Bruno Gerzeli

Personal information
- Full name: Bruno Livio Gerzeli
- Date of birth: 3 October 1925
- Place of birth: Monfalcone, Italy
- Date of death: 8 November 1982 (aged 57)
- Place of death: Salt Lake City, Utah, United States
- Position: Striker

Senior career*
- Years: Team / Apps / (Gls)
- 1942–1943: C.R.D.A Monfalcone
- 1945–1946: Monfalconese C.N.T.
- 1946–1947: Venezia / 1 / (0)
- 1947–1948: Marzotto Valdagno
- 1948–1949: Salernitana / 9 / (2)
- 1949–1950: Stabia
- 1950–1951: Biellese / 31 / (3)
- 1951–1952: Anconitana / 31 / (4)
- 1952: Deportivo Samarios / 20 / (5)
- 1954–1955: Aosta / 18 / (0)
- 1954–1955: Toronto Hungarians
- 1956–1958: Toronto Sparta
- 1963: K.F.C. Estonia

Managerial career
- 1963: K.F.C. Estonia

= Bruno Gerzeli =

Italian footballer (1925-1982)

Bruno Gerzeli (3 October 1925 – 8 November 1982) was an Italian professional footballer who played as a forward.

==Career==
Born in Monfalcone, Gerzeli, a winger, inside forward and centre-forward, started his career in the Serie C side C.R.D.A. Monfalcone, which was the team of his hometown Monfalcone. After World War II, Gerzeli played the 1945-46 Serie C season for Monfalconese (which was the new name of C.R.D.A. Monfalcone); he was then signed by Venezia, a team which was competing in the Serie A. Gerzeli only played one match during the 1946–47 Serie A season, on 6 July 1947, against Triestina.

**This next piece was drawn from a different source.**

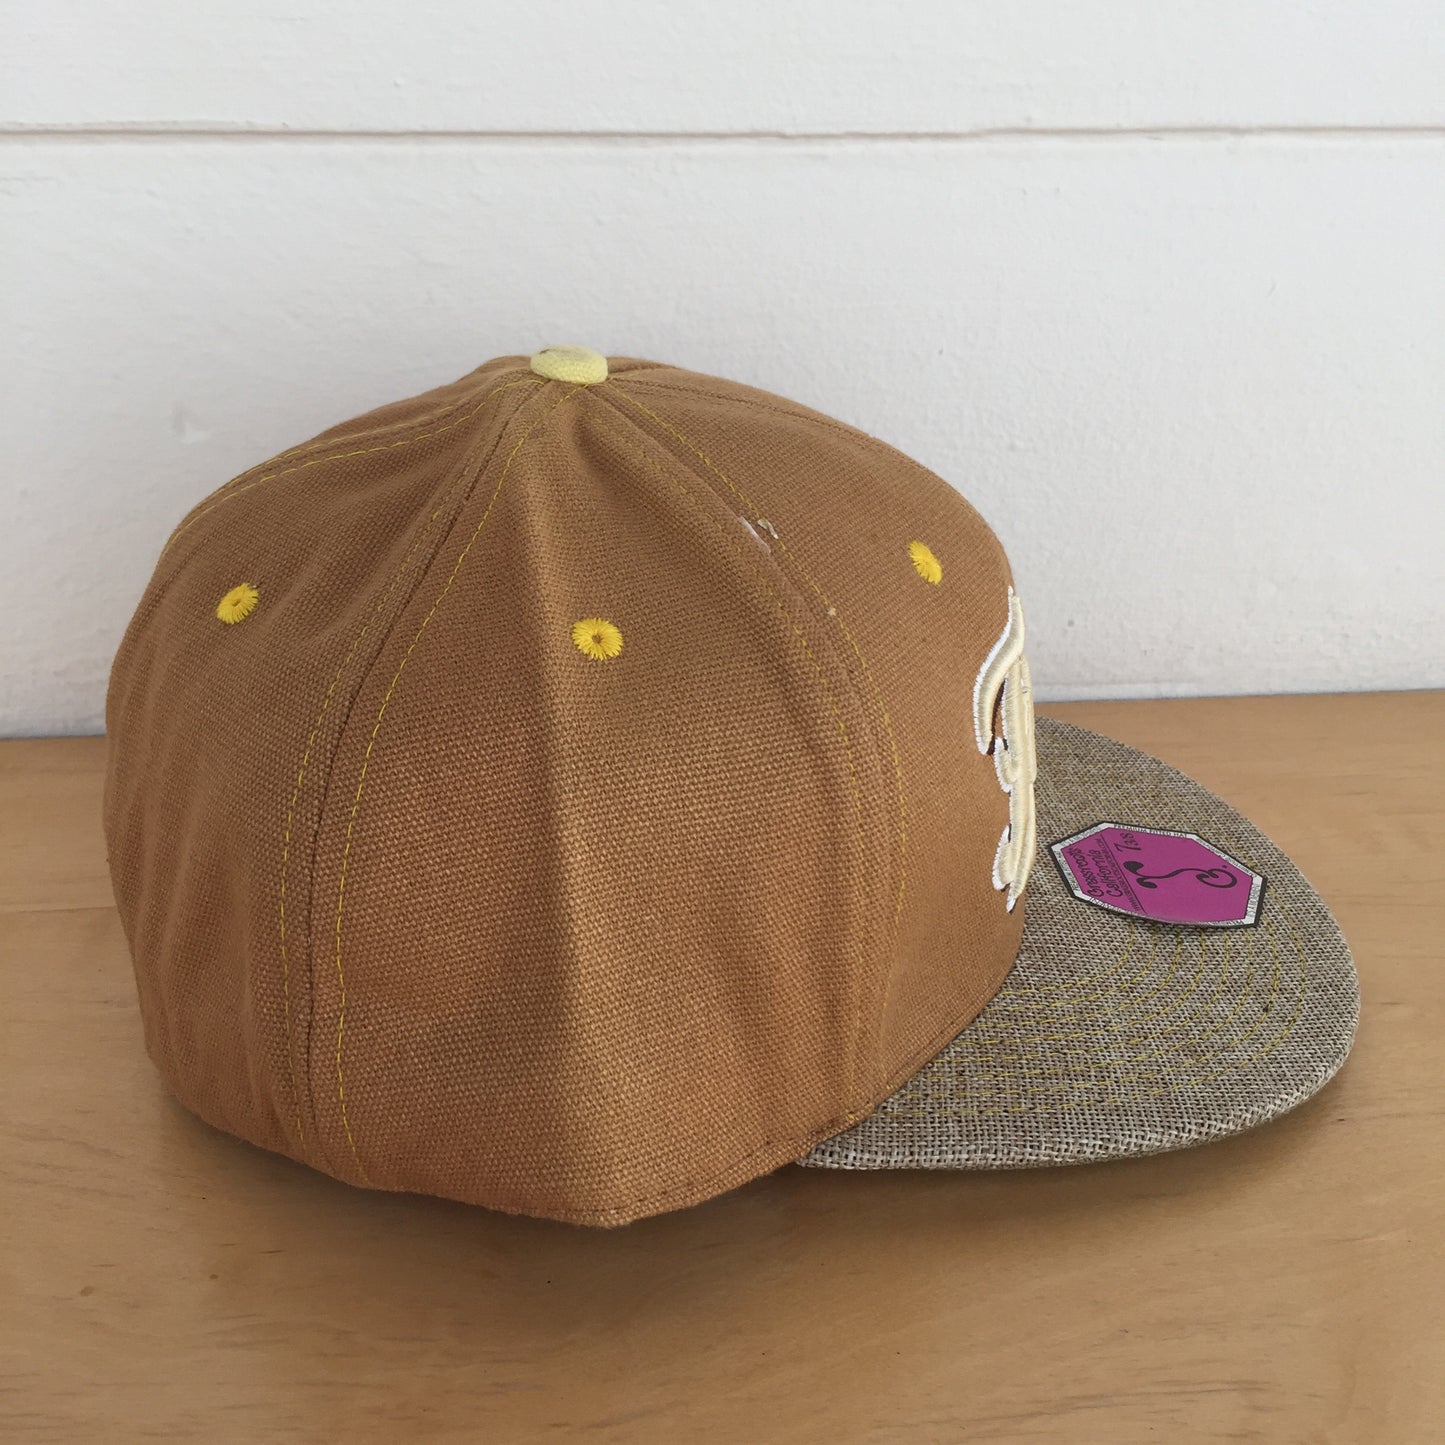 Grassroots X Del Fitted 'FUNK' Hat - Straw/Gold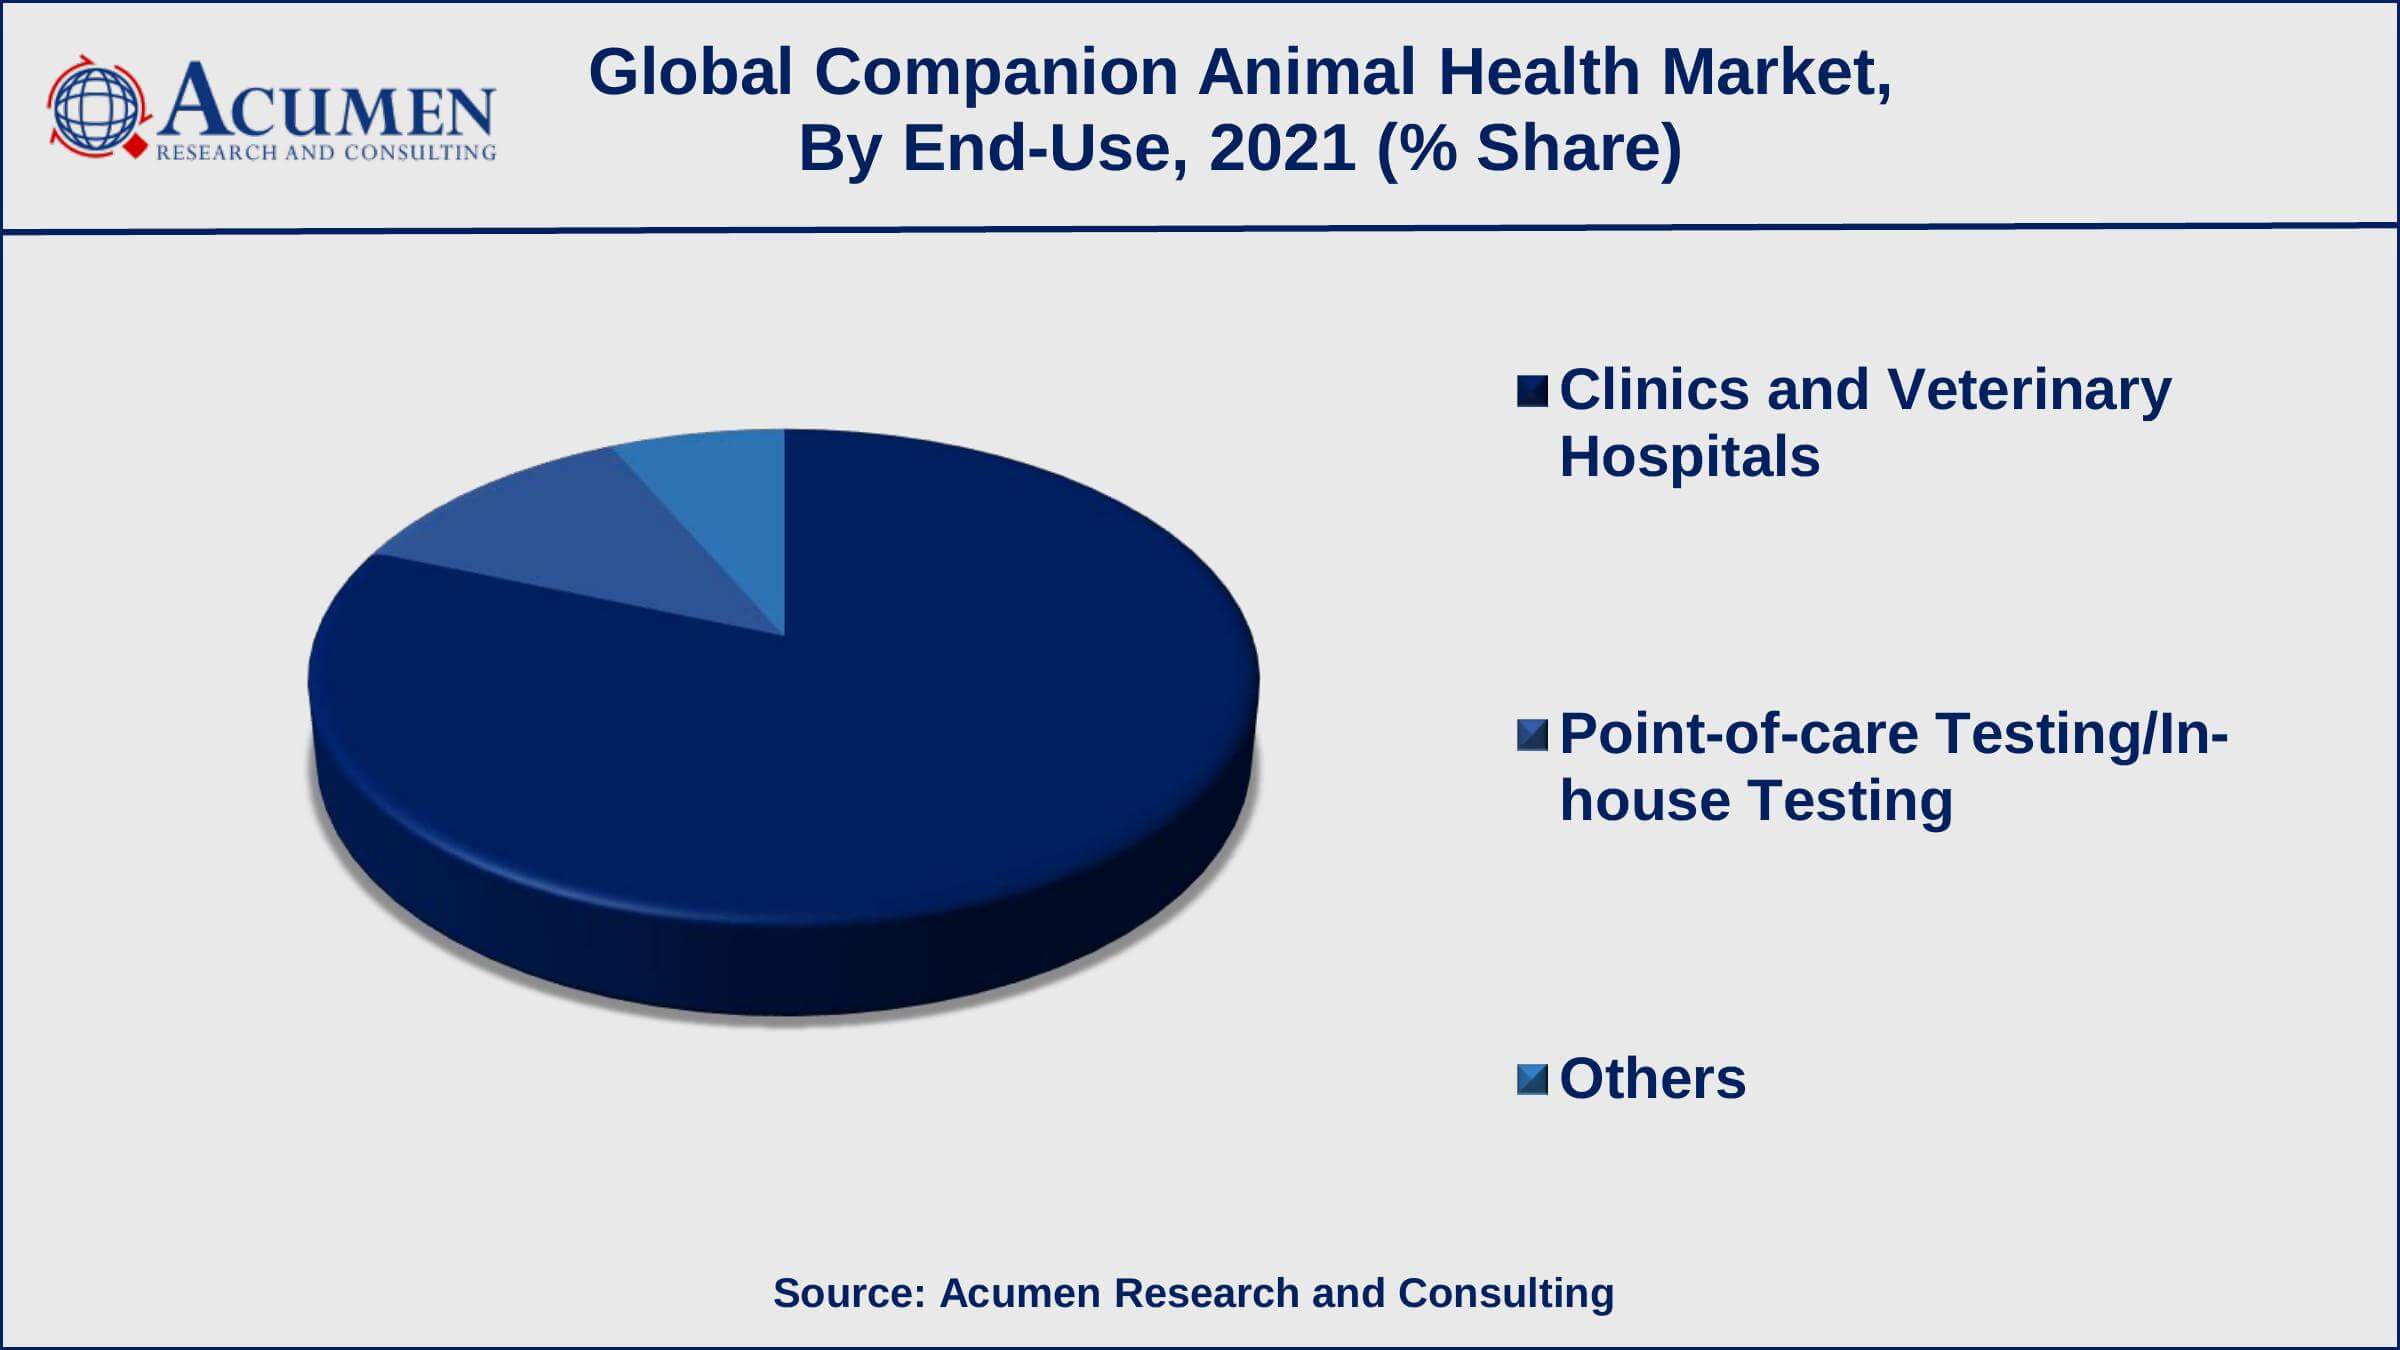 Rising adoption of pets across the world is a popular companion animal health market trend that fuels the industry demand

After this one-match experience, he left Venezia and moved to Marzotto Valdagno, coming back to Serie C. He played the Serie B championship in 1948–1949 with Salernitana. In 1952, he decided to leave Italy for Colombia, a nation in which professional football was well-paid because of the so-called El Dorado period. He played for Deportivo Samarios in Colombia along with two other Italian footballers, Corrado Contin and Alessandro Adam. He collected 20 appearances with Samarios, scoring five goals (the first of which was scored against Atlético Nacional on 1 June 1952). In the summer of 1954 he played in the National Soccer League (NSL) with Toronto Hungarians. In 1956, he continued playing in the NSL with Toronto Sparta, and was suspended by the league until 1960 after an incident with a referee in late 1958. In 1963, he served as a player-coach for K.F.C. Estonia in the National Soccer League.

==Personal life==
After he retired from playing, Gerzeli emigrated to Canada in 1954. He married and moved to the United States where he coached the Brigham Young University soccer program. He was originally baptized as a Roman Catholic, but later converted to Mormonism.
In early 1980, Gerzeli volunteered to coach the Olympus High School soccer team. The following year this team won the 4A State soccer tournament as significant underdogs to neighboring Skyline High School.

Gerzeli died in Salt Lake City on November 8, 1982, due to hepatitis of the liver.